The input -

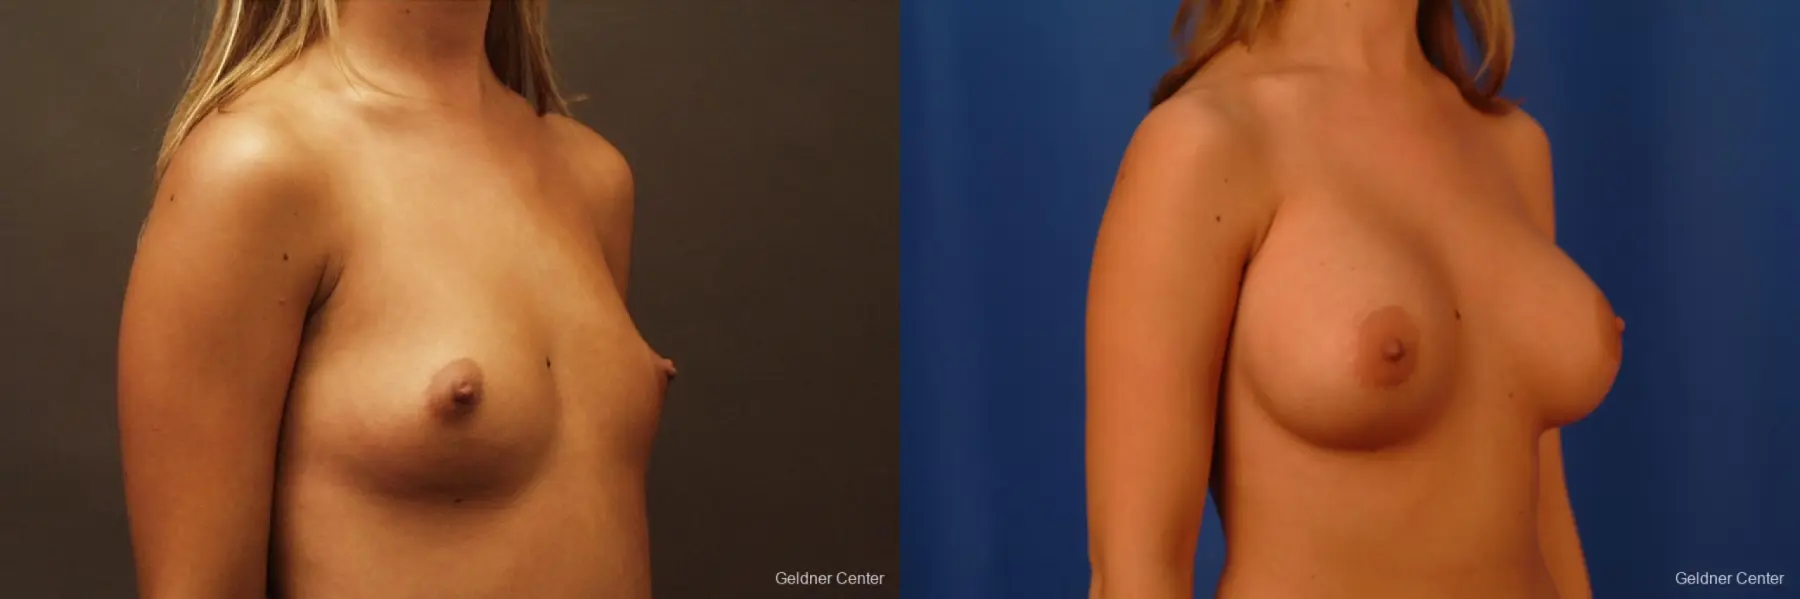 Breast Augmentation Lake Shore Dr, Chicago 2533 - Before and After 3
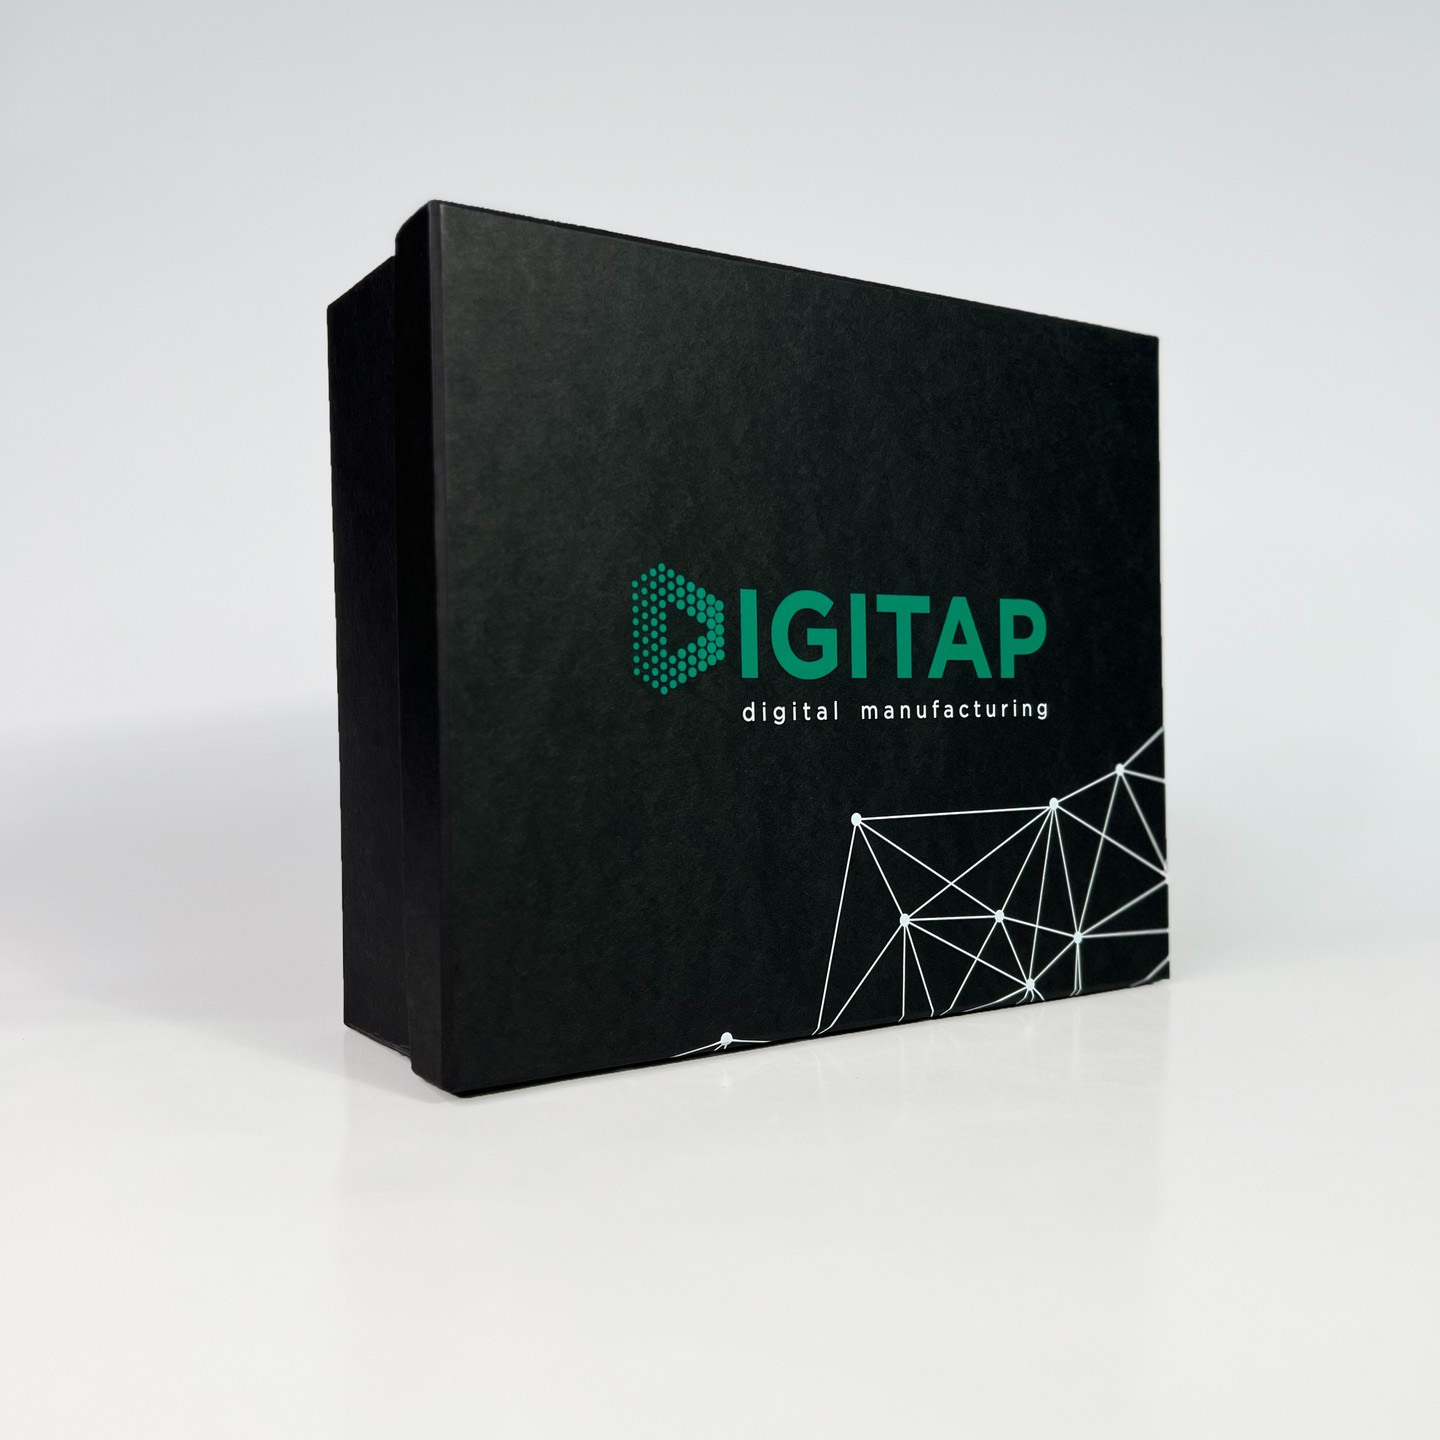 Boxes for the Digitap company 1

==

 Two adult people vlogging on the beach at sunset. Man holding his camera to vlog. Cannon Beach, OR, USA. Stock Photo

---

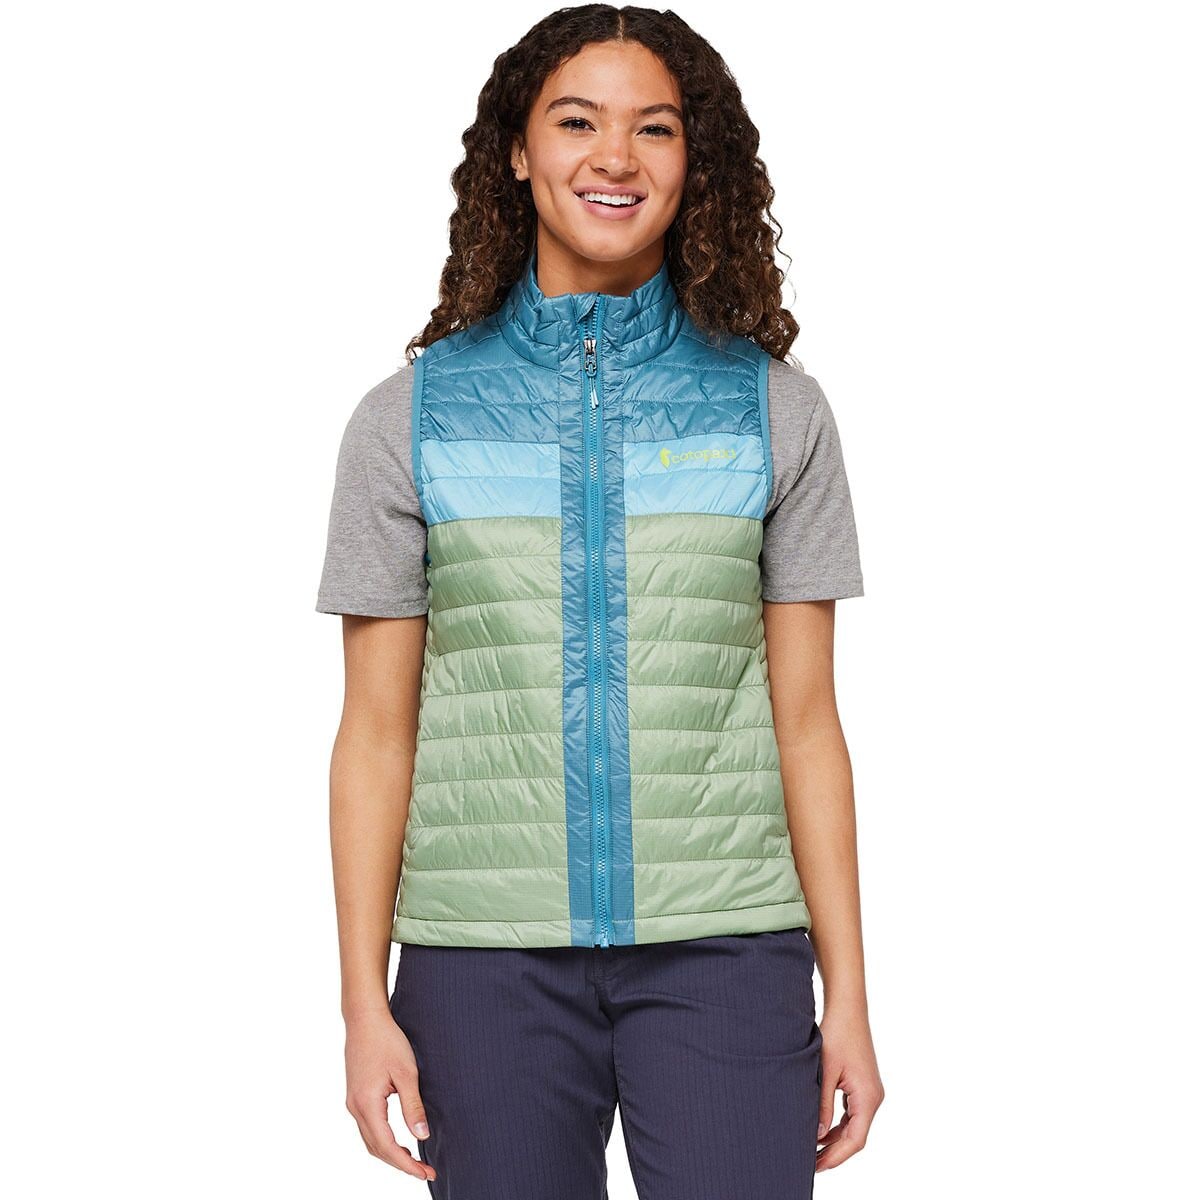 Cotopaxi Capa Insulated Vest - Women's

Problem requirements -
Leave the pictures out. Output, exactly, the lines of the material above starting at the line containing "Breast Augmentation Lake" and ending at the line containing "Boxes for the Digitap company 1".

Expected output -
 Breast Augmentation Lake Shore Dr, Chicago 2533 - Before and After 3
 Boxes for the Digitap company 1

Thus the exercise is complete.